Но богатых хозяйств, всё же было гораздо меньше. Две трети колонистов, успели погрязть в долгах перед ростовщиками и осенью, большая часть их дохода уходила на покрытие накопившихся процентах.
Люди всё равно жили и старались не думать о своей тяжёлой судьбе. Так жили соседи, жители уезда, да и всех губерний, в которых им пришлось когда-то побывать. Вечерами уставшие от работ парни, одевали новую одежду и разбредались по селу, выпрашивая у родителей позволенья, свидеться с дочерями, которые сидя скромно в доме, кидали украдкой любопытные взгляды в сторону калитки.
Отцы не спешили, они своё дело знали. Сначала выспрашивали ухажёров о здоровье и делах родителей, плавно переходя на новости о делах житейских. Родители хитрили и только – хорошо помучив нетерпеливых парней расспросами, давали или нет своё разрешение.
Однако, как правило, на этом разговор не кончался, так как девушка, которая наконец-то получала позволение на свидание, не могла выбежать и броситься опрометчиво на шею ухажёру. Девушки в то время скромничали. Только когда, довольный собою отец, уходил в дом, молодые брали друг друга за руку и счастливые удалялись в спасительную темень. Молодость во все времена одинакова.
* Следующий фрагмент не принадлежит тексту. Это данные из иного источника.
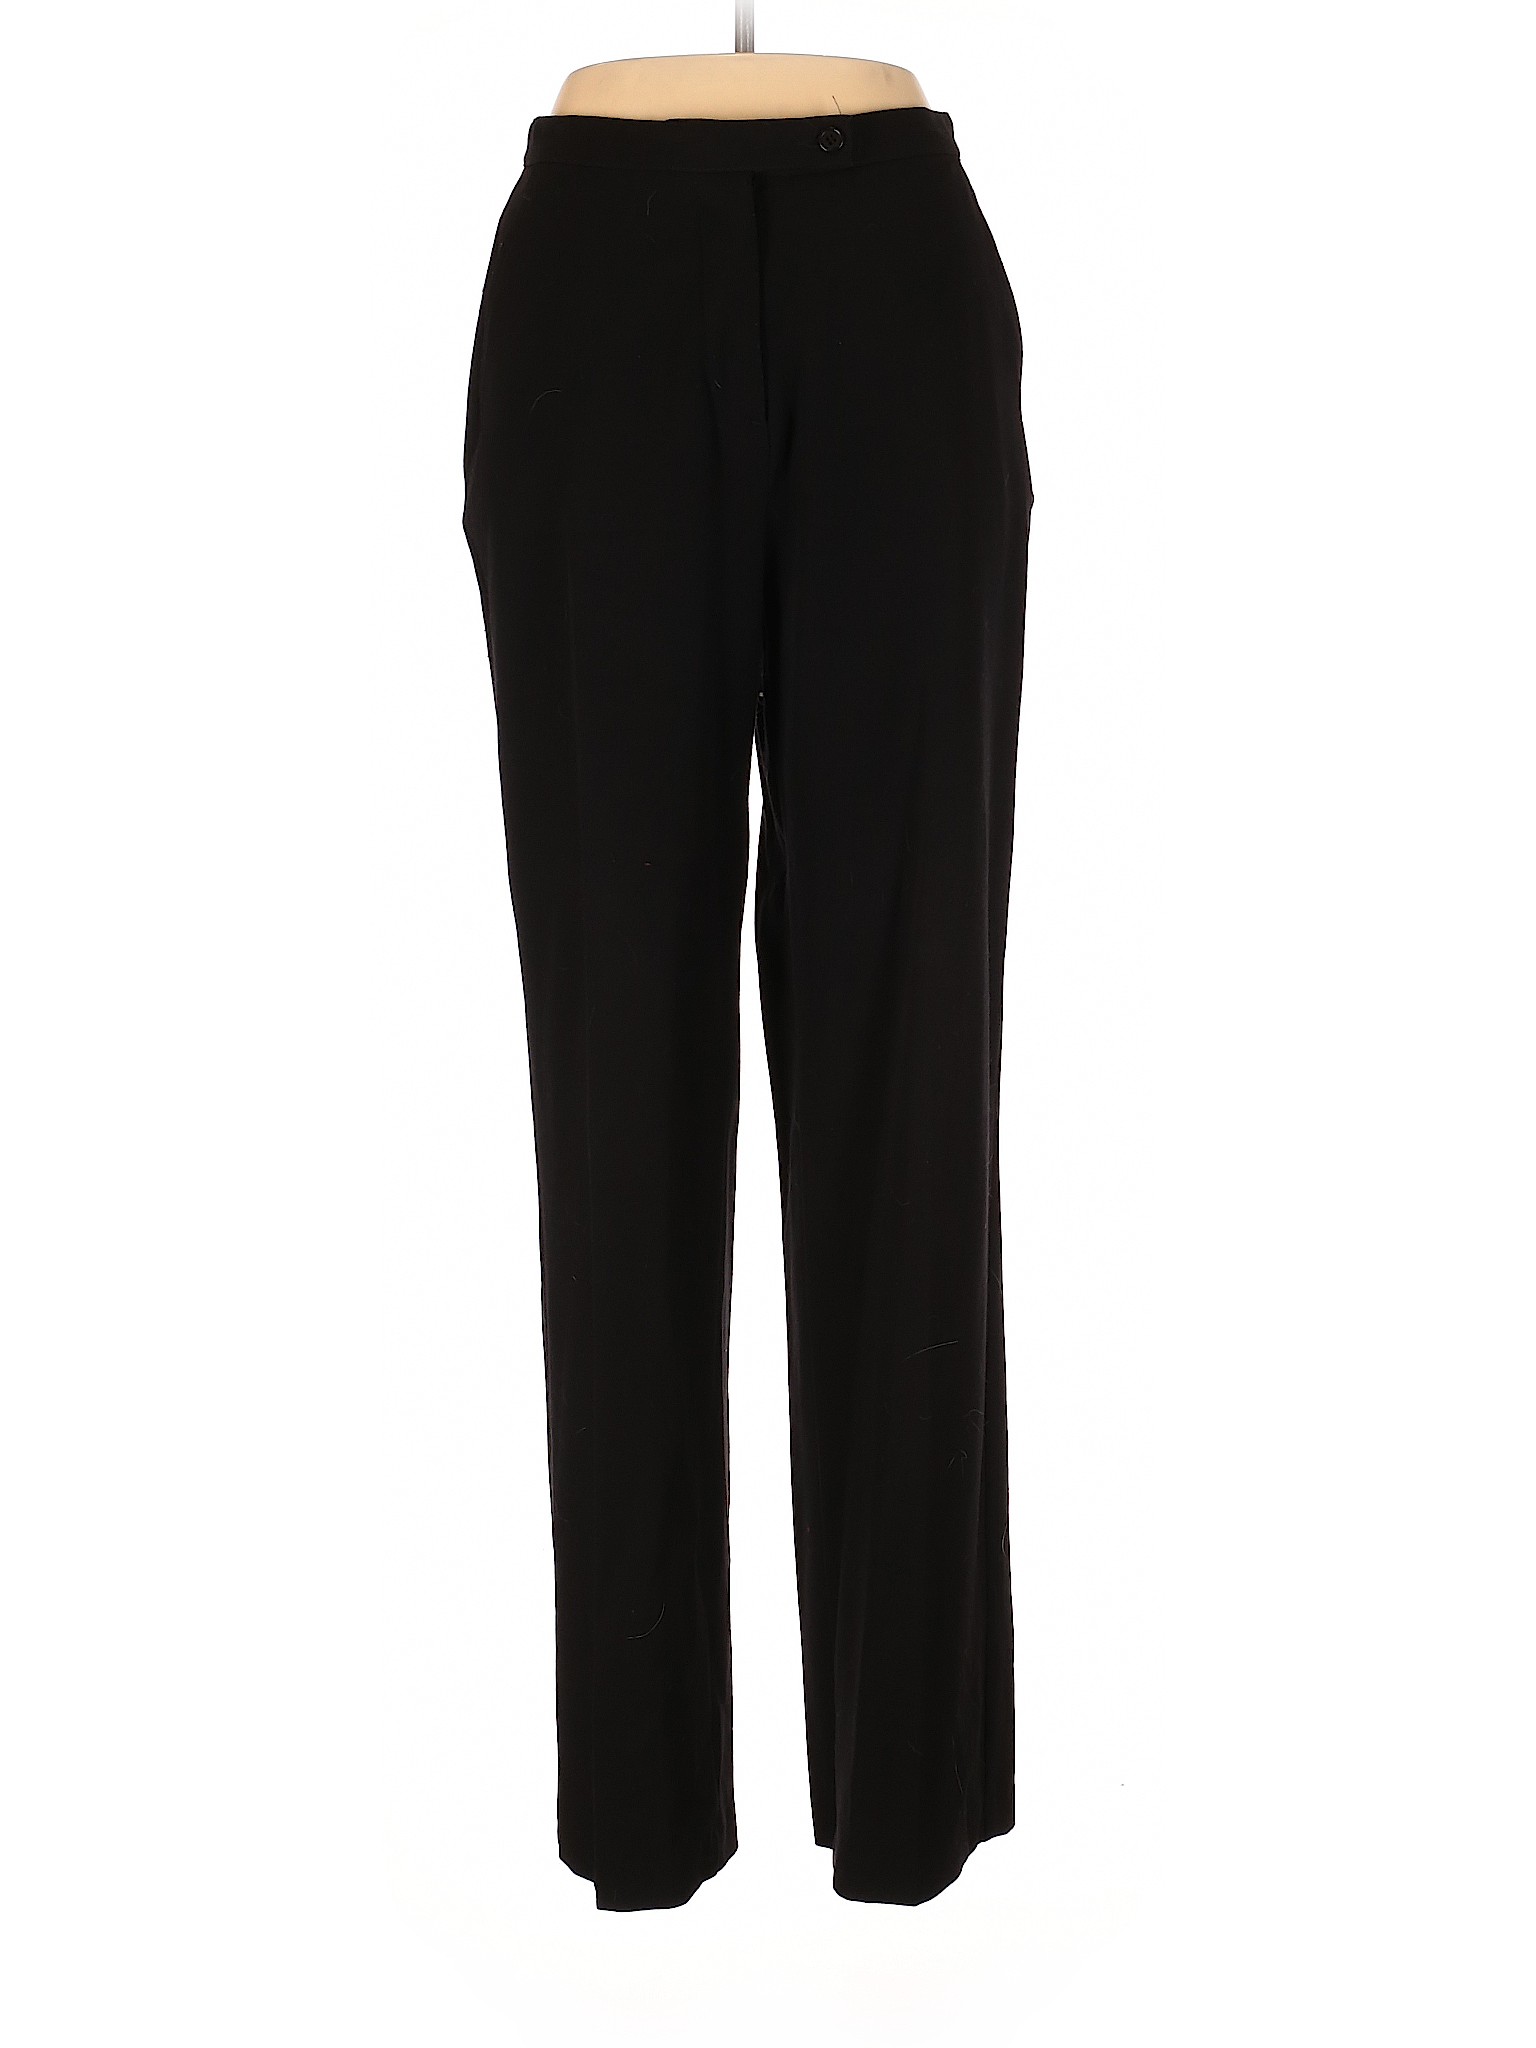 Investments Women Black Dress Pants 10 | eBay

Случались в селе и конфликты, не без этого: то не поделили надел, то скотина зашла на чужое, ещё неубранное поле. Это в итоге привело к появлению в селе жандармского поста. Жандарм, человек суровый, ретивый – быстро, действенно и не всегда справедливо решал возникшие проблемы. Он работал так, как ему велела инструкция и долг службы. Не до совести ему было, – «Ишь – чего захотели», – любил он повторять, посмеиваясь в роскошные усы, которые он взял за правило покусывать.
Но опять-таки, привычные к таким правилам крестьяне не роптали, власть они уважали, хотя кое-кто из сельчан, успел уже почитать в городе запрещённой литературы. Прочитавшие смутились. Озадачились крепко задубевшие умы. Задеревеневший крестьянский ум любит порядок во всём. Ведь как думал тогда среднестатистический крестьянин?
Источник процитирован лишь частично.